Градоначальник сказал, что дом-мастерская Объездчика находится в квартале ремесленников; туда-то теперь и лежал путь двоих мстителей. Феррот толкал перед собой тачку. Очень скоро стало ясно, что отыскать дом Объездчика будет нелегко.
Квартал ремесленников был огромен, куда крупнее того же Погожего. Хатин и Феррот этого не знали, однако годами Город Зависти манил к себе лучших ремесленников и искусников со всего острова. Градоначальник был просто одержим нуждами предков, и потому изысканных подношений для мертвых на продажу предлагалось великое множество. Не одни только искусно нарисованные векселя мертвых разного достоинства, но и предметы роскоши, воспроизведенные в миниатюре. Маленькие портшезы из кости, прекрасные луноликие куртизанки из нефрита, изображенные на пальмовых листьях яства.
– Надо, наверное, прикупить чего-нибудь по пути, – шепнул Феррот, – чтобы не выделяться.
Так и поступили, сумев, однако, удержаться и не дать внезапно появившимся деньгам вскружить себе голову. Платить за приобретения, конечно, было не нужно, но все это добро предстояло толкать в гору.
Наконец они отыскали улочку, вдоль которой флагами висели карты. Дом Объездчика оказался самым большим, его легко было узнать по висящему над дверью щиту: на нем была изображена голова взнузданной лошади. Феррот отпер тяжелую дверь, и двое мстителей заглянули внутрь.

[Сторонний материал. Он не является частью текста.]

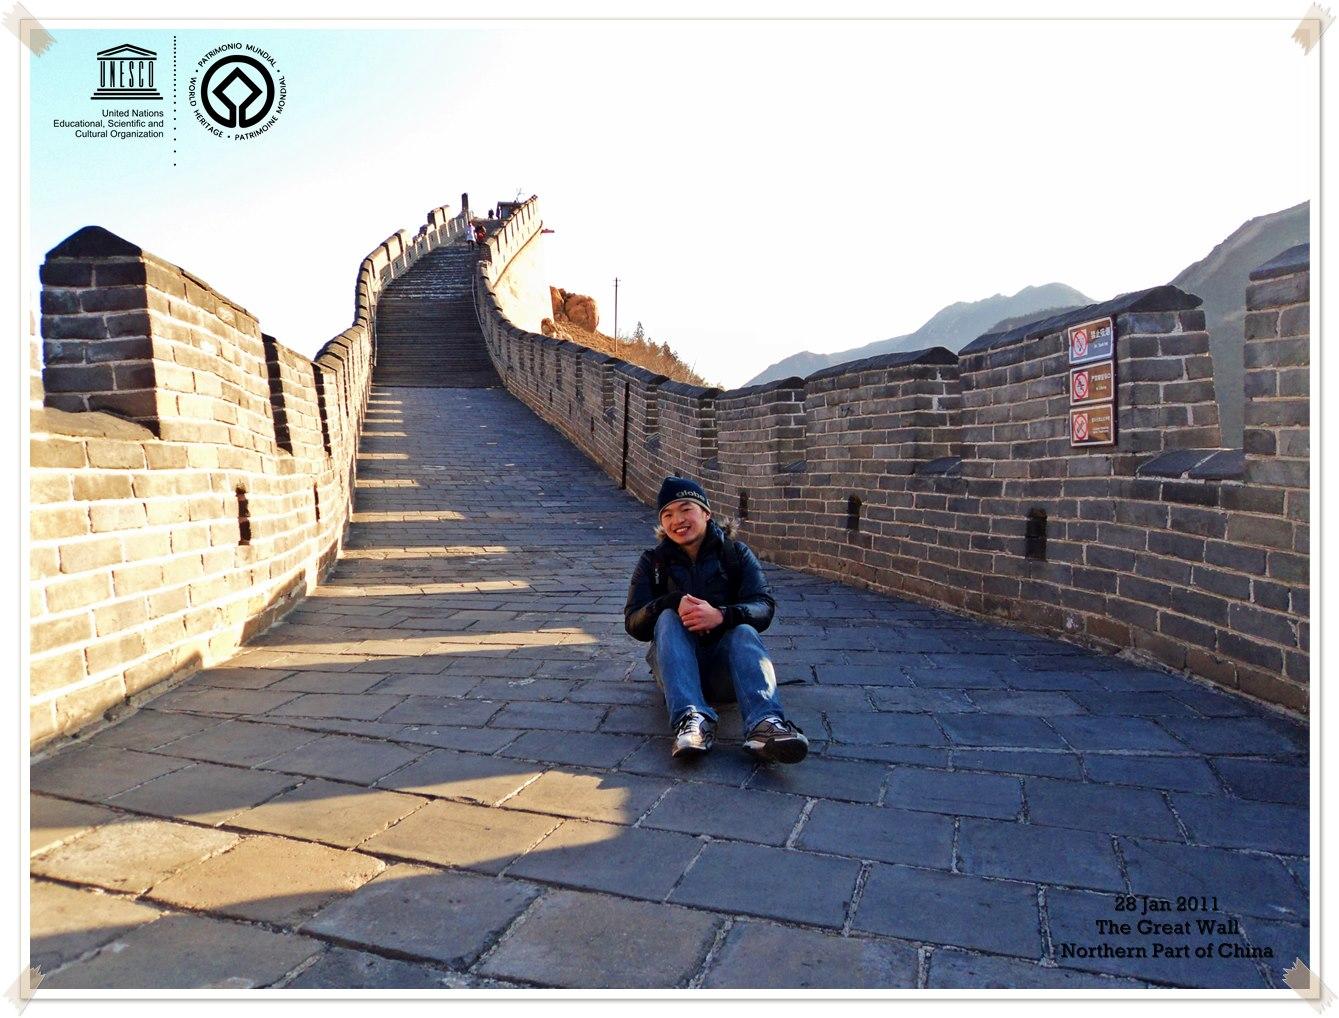 The great ... great wall The Great Wall - China Thomas shaw

Видно было, что тут жил сильно занятой и не очень опрятный человек. Со стропил свисали готовые карты. Всякая плоская поверхность была завалена недорисованными схемами и заставлена пестиками и ступками в разноцветных потеках краски, угольными стержнями, чернильными склянками и пальмовыми листьями. В дальнем конце комнаты громоздились сложенные, как тюки сена, стопки бумаг.
Карты были составлены с точностью, какую мог позволить себе только человек, способный воспарить над окрестными землями. Сама же работа была выполнена с невероятным для Скитальца мастерством, а значит, Объездчик хорошо владел собственным телом. На одной из карт на переднем плане был изображен орел, как если бы смотрящий глядел на землю мимо него, сверху. У Хатин закружилась голова.

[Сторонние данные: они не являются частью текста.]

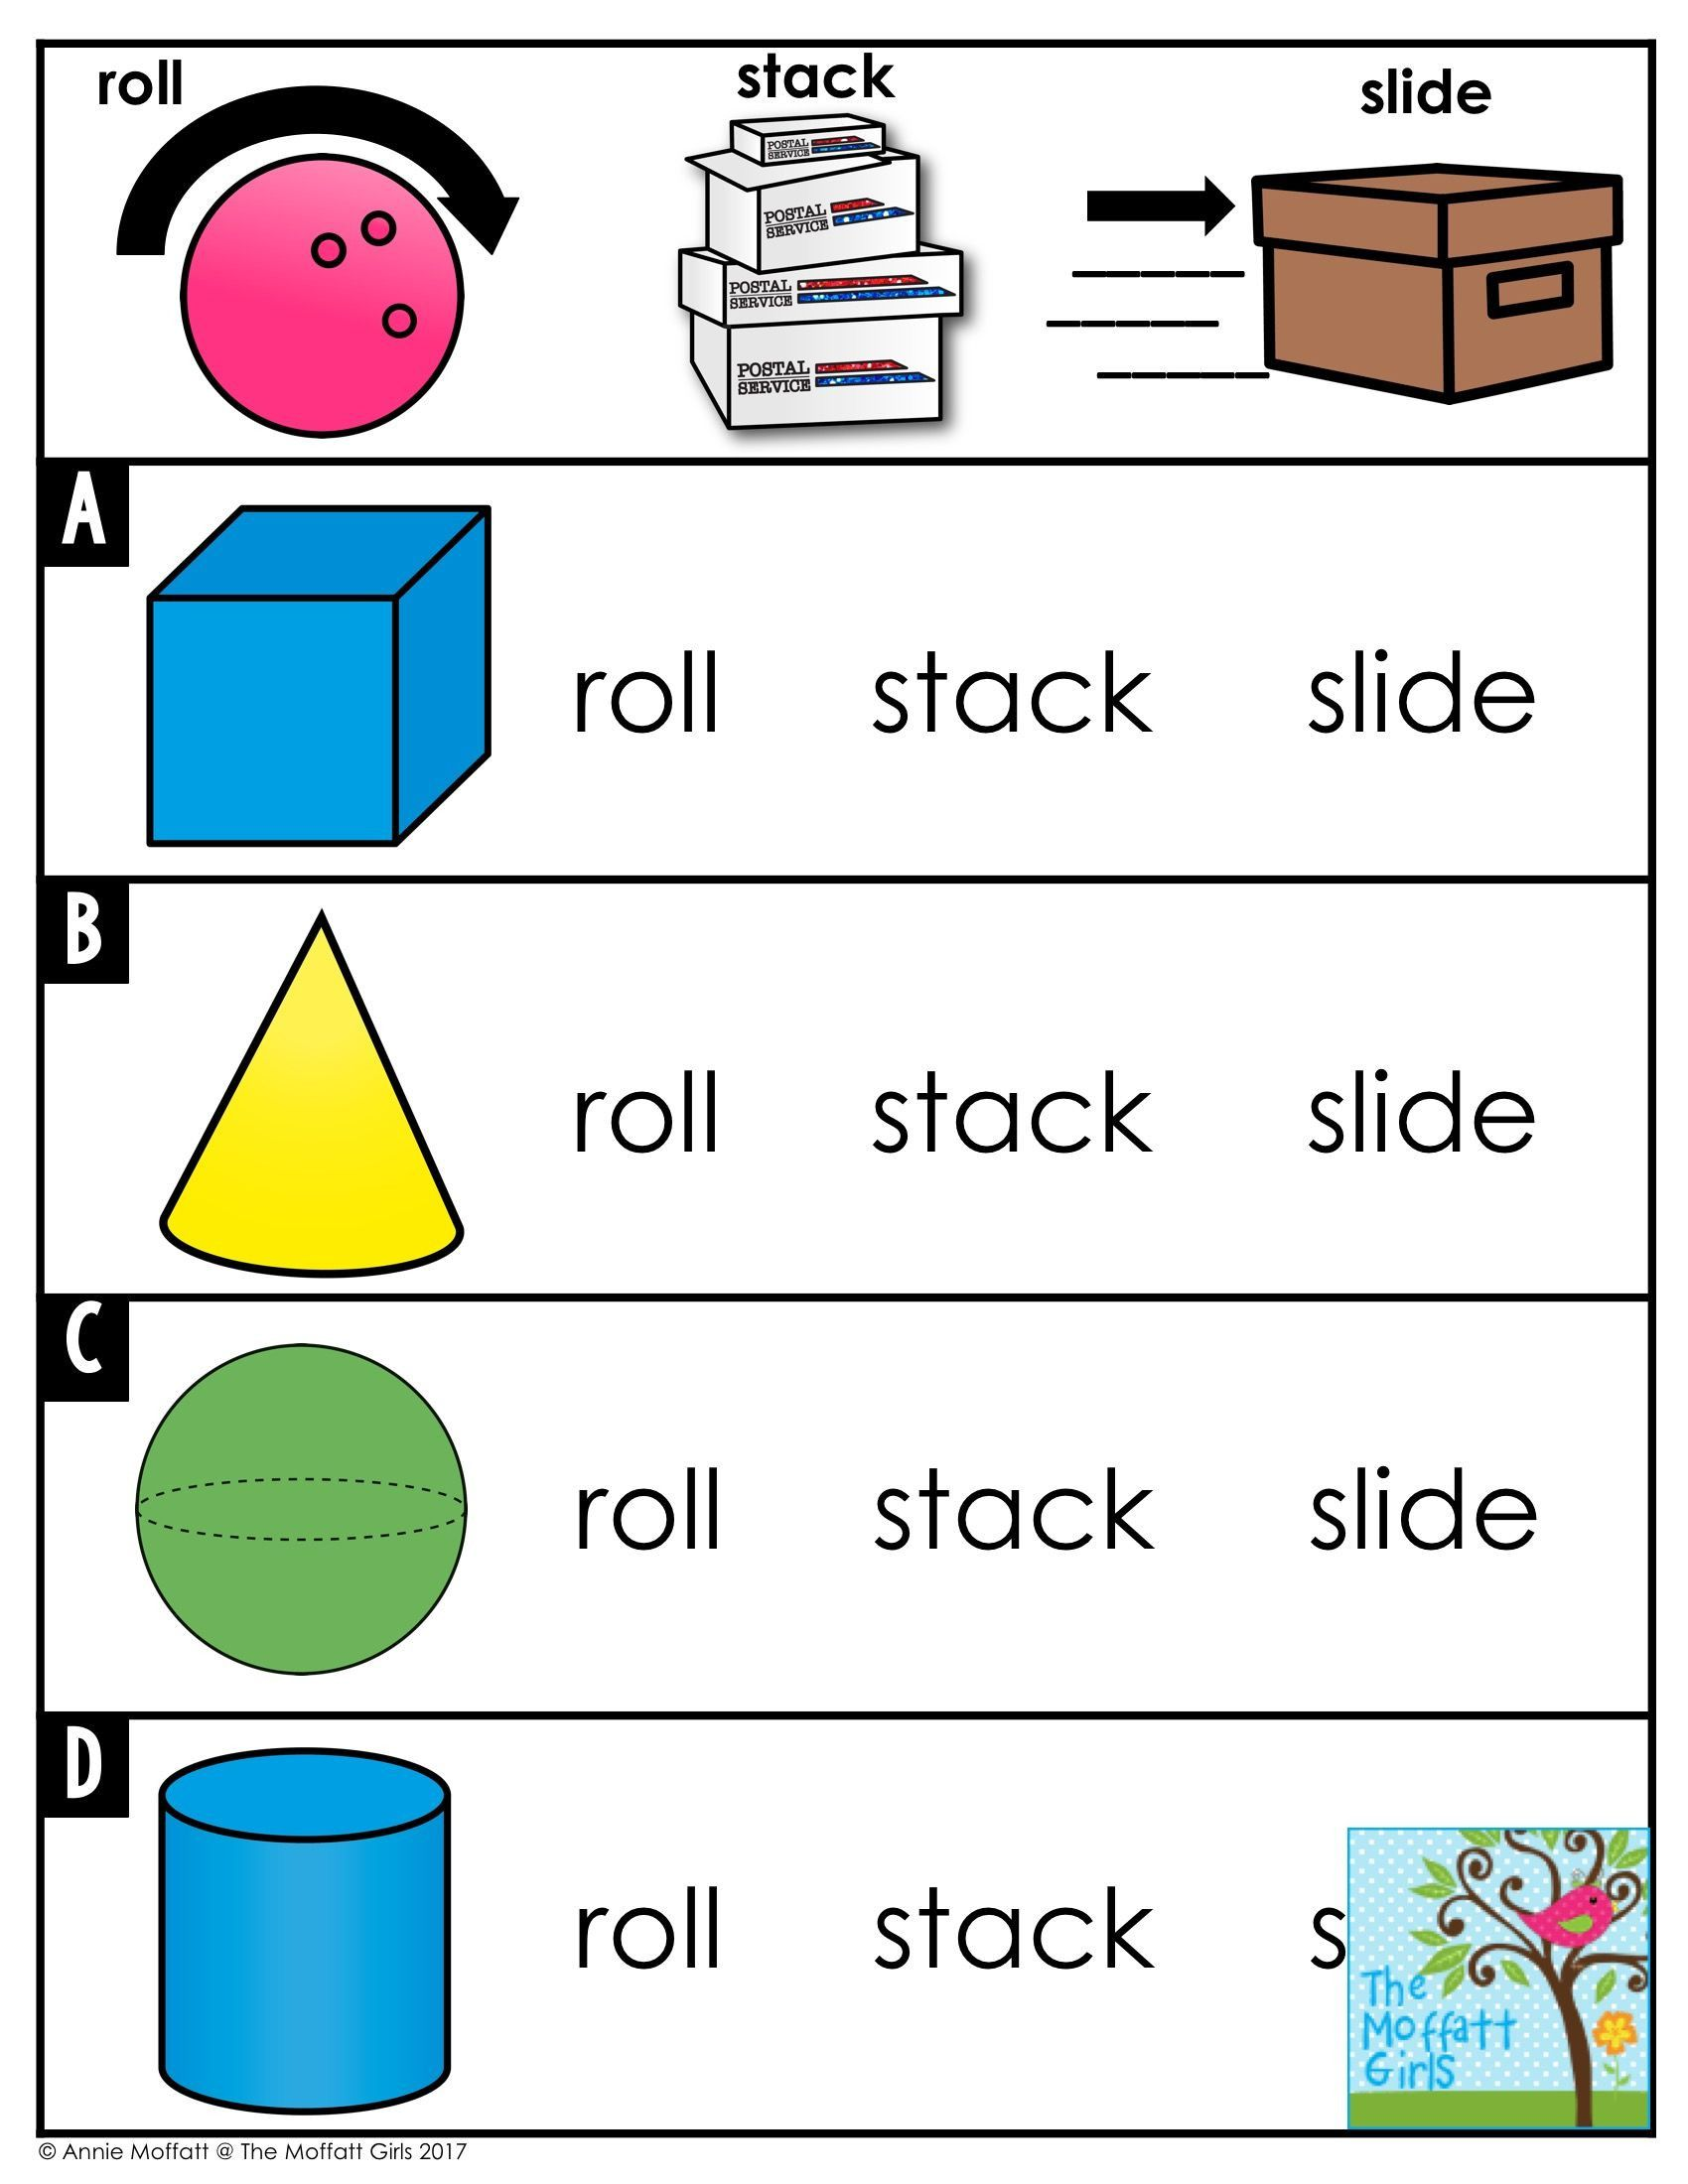 3d Shapes Worksheet Kinder   Printable Worksheets and Activities for  Teachers [ 2200 x 1700 Pixel ]

У низенького мольберта стояло ветхое деревянное кресло. Хатин провела по нему рукой и подумала, что Объездчик, наверное, сидел за мольбертом, отправив свое зрение в полет и наощупь зарисовывал увиденное.
Феррот достал из общей кучи связку пергаментных листов.

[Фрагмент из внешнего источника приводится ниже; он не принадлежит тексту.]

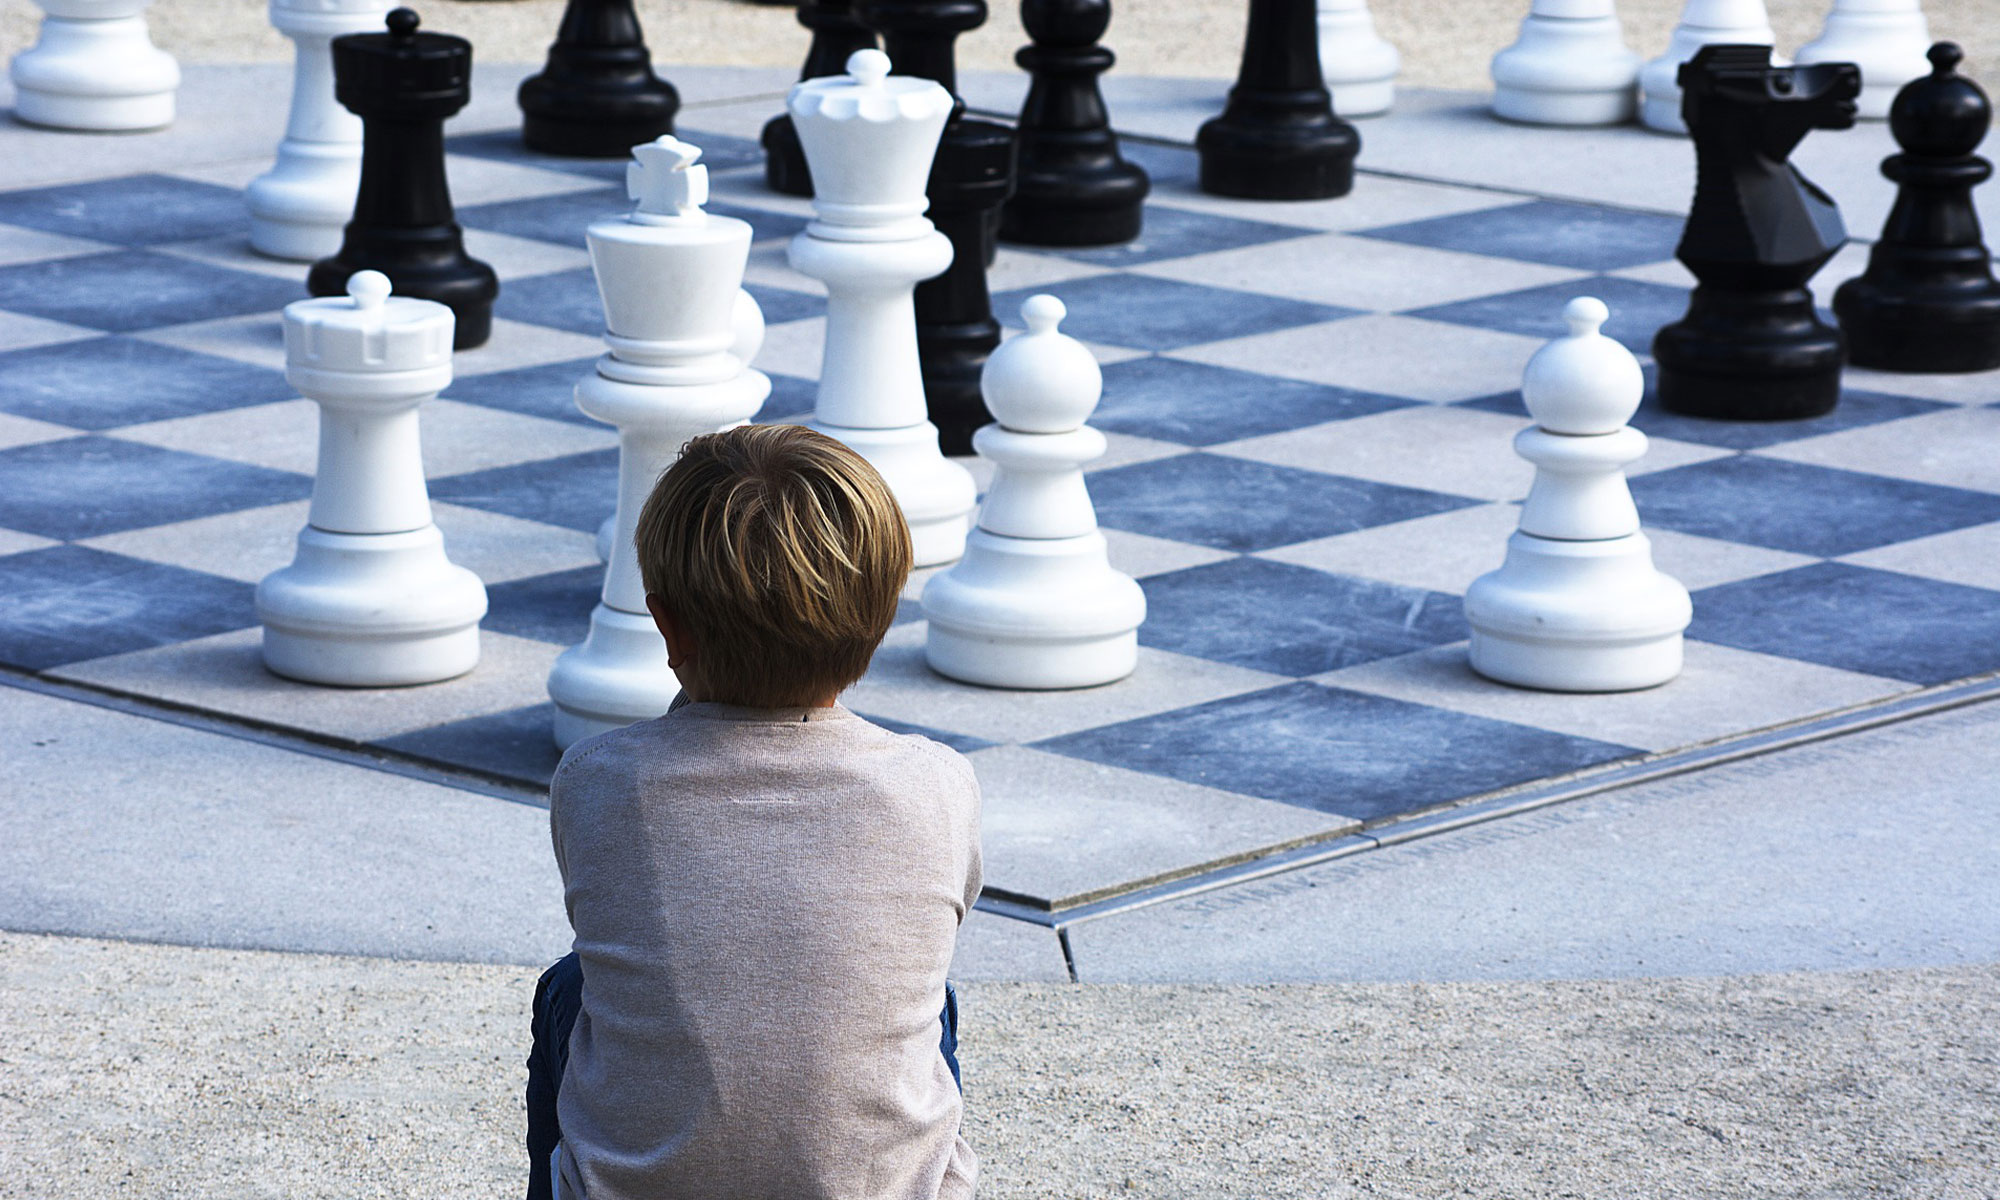 Circolo scacchi imola - albo d'oro

– Тут одни изображения Камнелома, вид сверху – и все одинаковые. Зачем столько одинаковых карт?
– Может, эта пользовалась особенно хорошим спросом?
– Может… постой-ка. – Последовала долгая тишина, нарушаемая только шуршанием пергамента. – Постой-ка. Они не совсем одинаковые. Подойди сюда, глянь вот. – Хатин подошла, и Феррот указал на правый нижний угол самой верхней в стопке карты. – Видишь подпись? Это числа. А символ перед ними означает, что числа – это дата. Похожая подпись была на бумагах, которые мне выдали, когда я вышел из тюрьмы. Получается, на каждой карте стоит дата, и она всегда разная. Теперь взгляни сюда.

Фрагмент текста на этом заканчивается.